Abstract
AbstractClimate change is expected to have impacts on the balance of global food trade networks and food security. Thus, seasonal forecasts of precipitation and temperature are an essential tool for stakeholders to make timely choices regarding the strategies required to maximize their expected cereal yield outcomes. The availability of state-of-the-art seasonal forecasts such as the European Centre for Medium-Range Weather Forecasts (ECMWF) system 5 (SEAS5) may be an asset to help decision making. However, uncertainties and reduced skill may hamper the use of seasonal forecasts in several applications. Hence, in this work, we aim to understand the added value of such dynamical forecasts when compared to persistent anomalies of climate conditions used to predict the production of wheat and barley yields. With that in mind, empirical models relating annual wheat and barley yields in Spain to monthly values of precipitation and temperature are developed by taking advantage of ECMWF ERA5 reanalysis. Then, dynamical and persistence forecasts are issued at different lead times, and the skill of the subsequent forecasted yield is verified through probabilistic metrics.

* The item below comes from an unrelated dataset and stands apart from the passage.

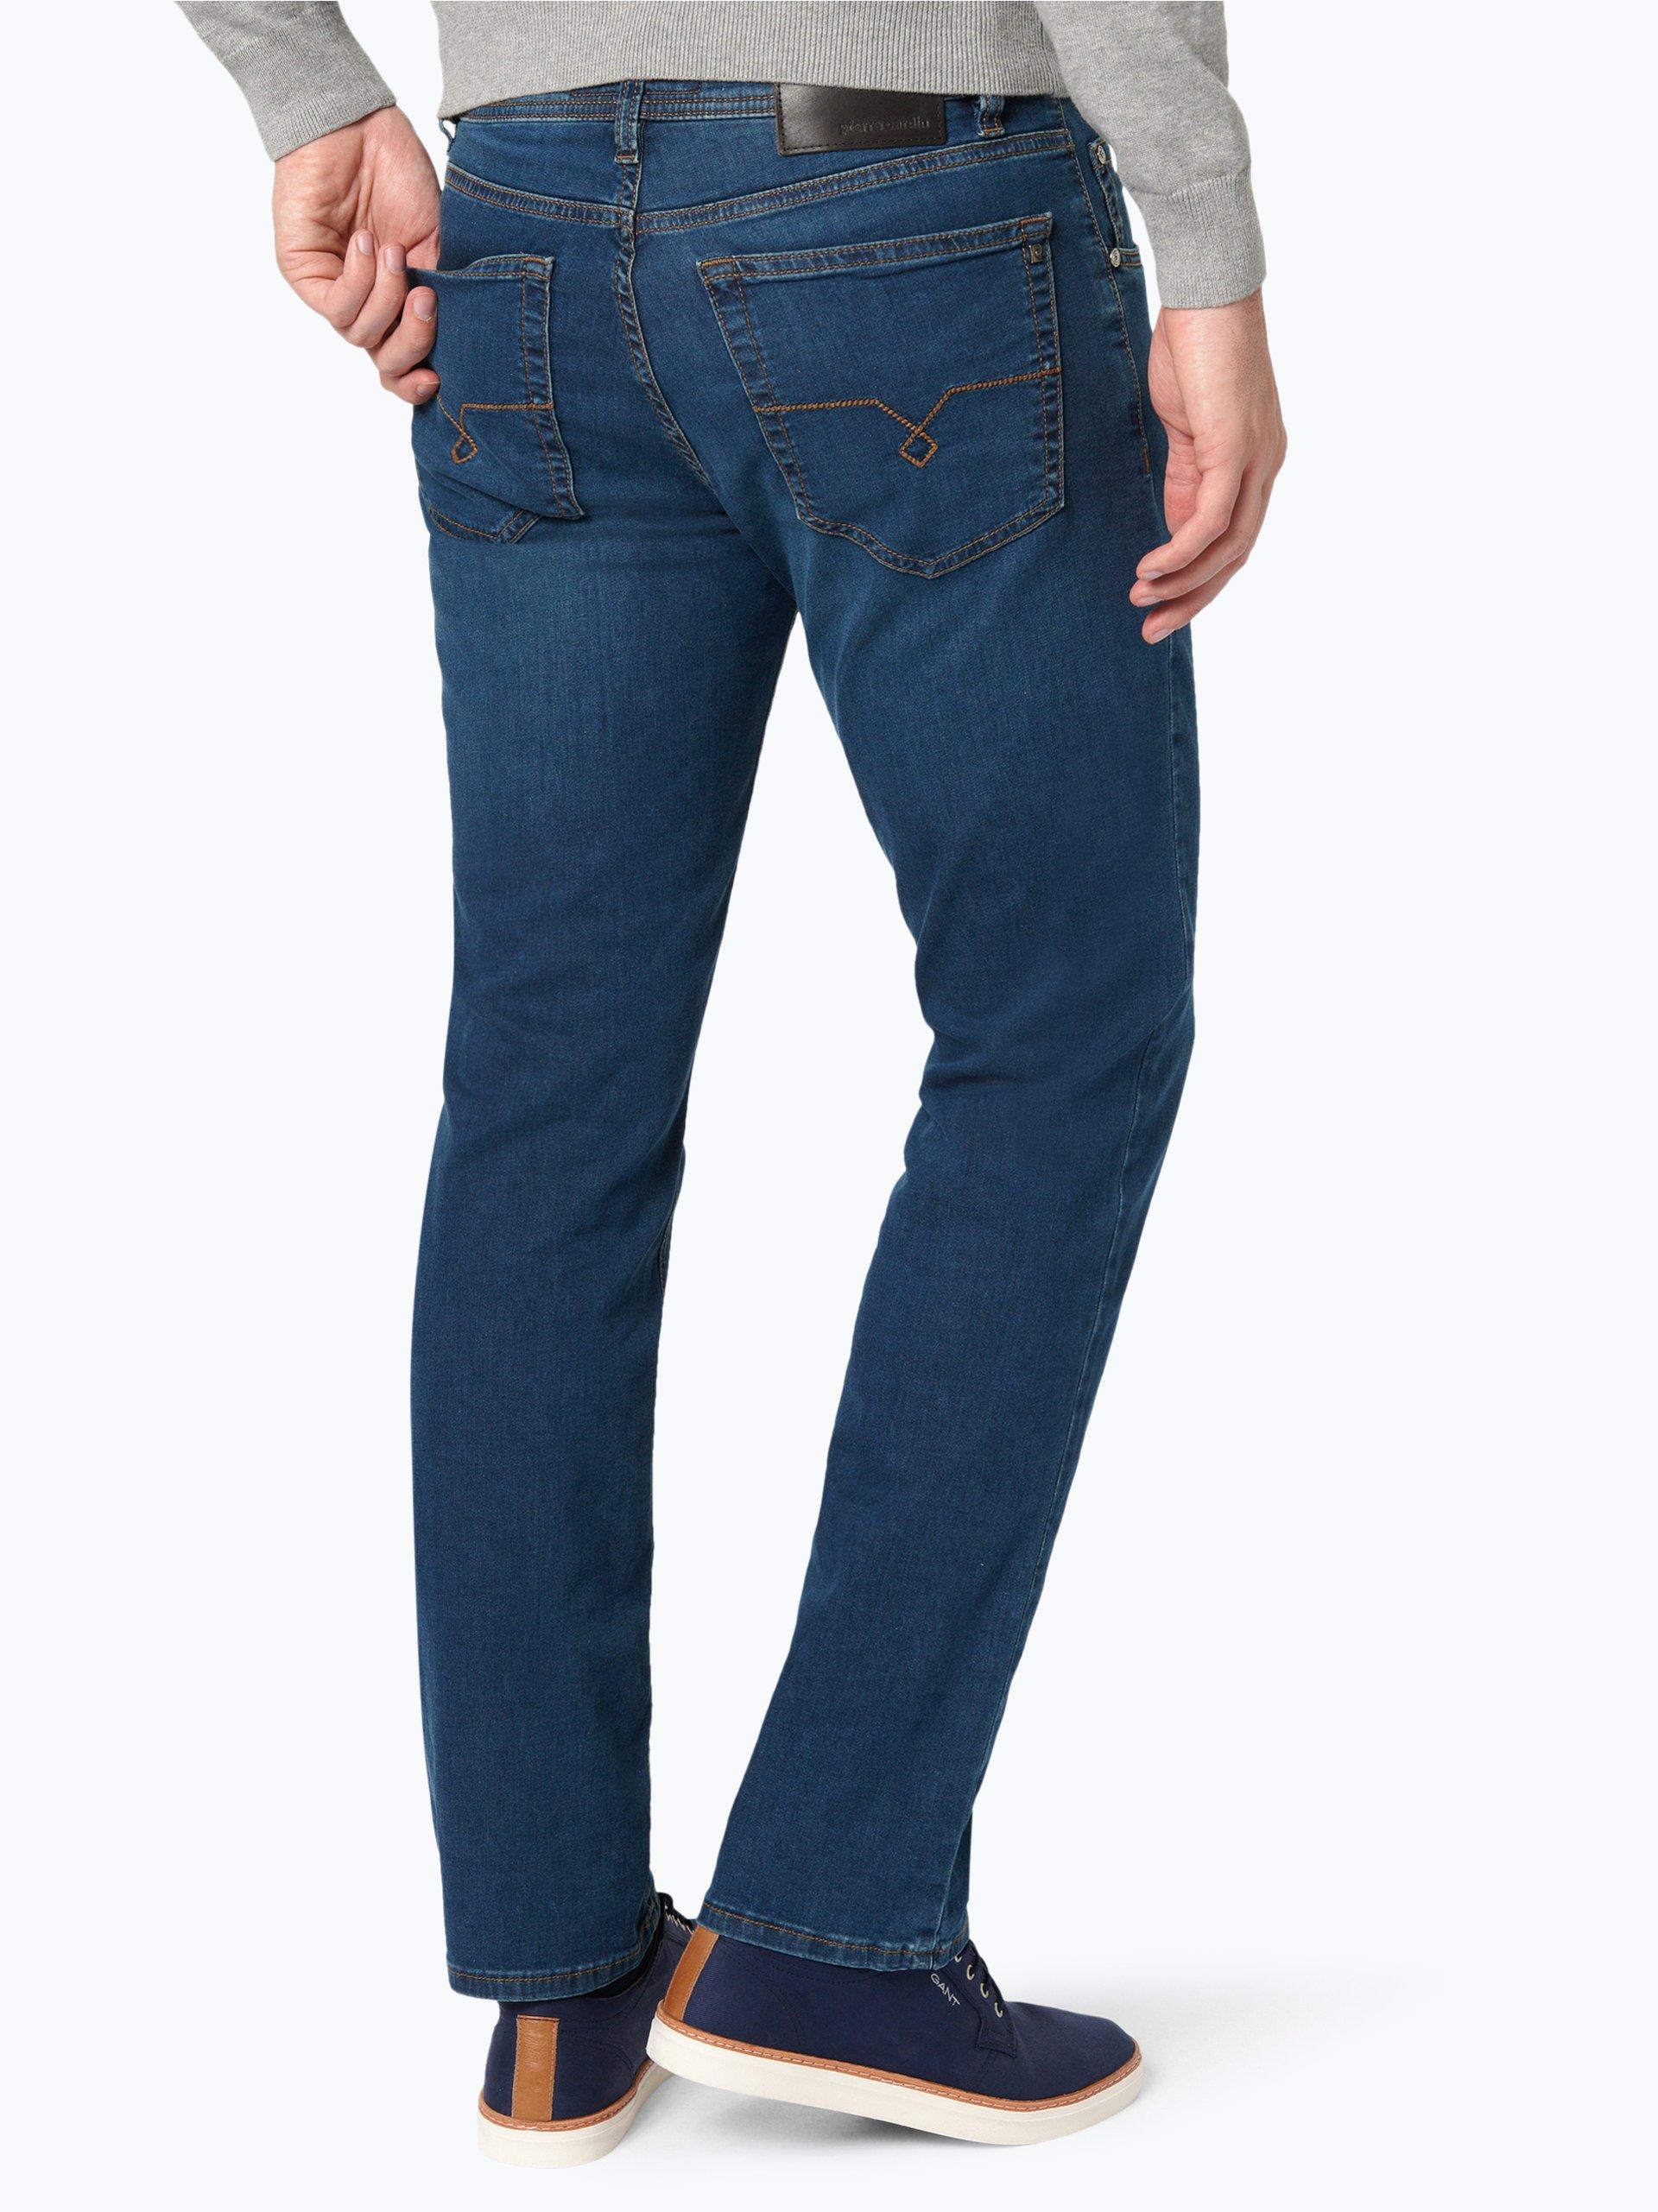 pierre cardin herren jeans deauville dark stone uni. Black Bedroom Furniture Sets. Home Design Ideas

The results presented in this study demonstrate two different outcomes: (1) wheat and barley yield anomaly forecasts (dynamical and persistent) start to gain skill later in the season (typically from April onwards); and (2) the added value of using the SEAS5 forecast as an alternative to persistence ranges from 6 to 16%, with better results in the southern Spanish regions.
Funder
Fundação para a Ciência e a Tecnologia
Schweizerischer Nationalfonds zur Förderung der Wissenschaftlichen Forschung
Publisher
Springer Science and Business Media LLC
Cited by
9 articles.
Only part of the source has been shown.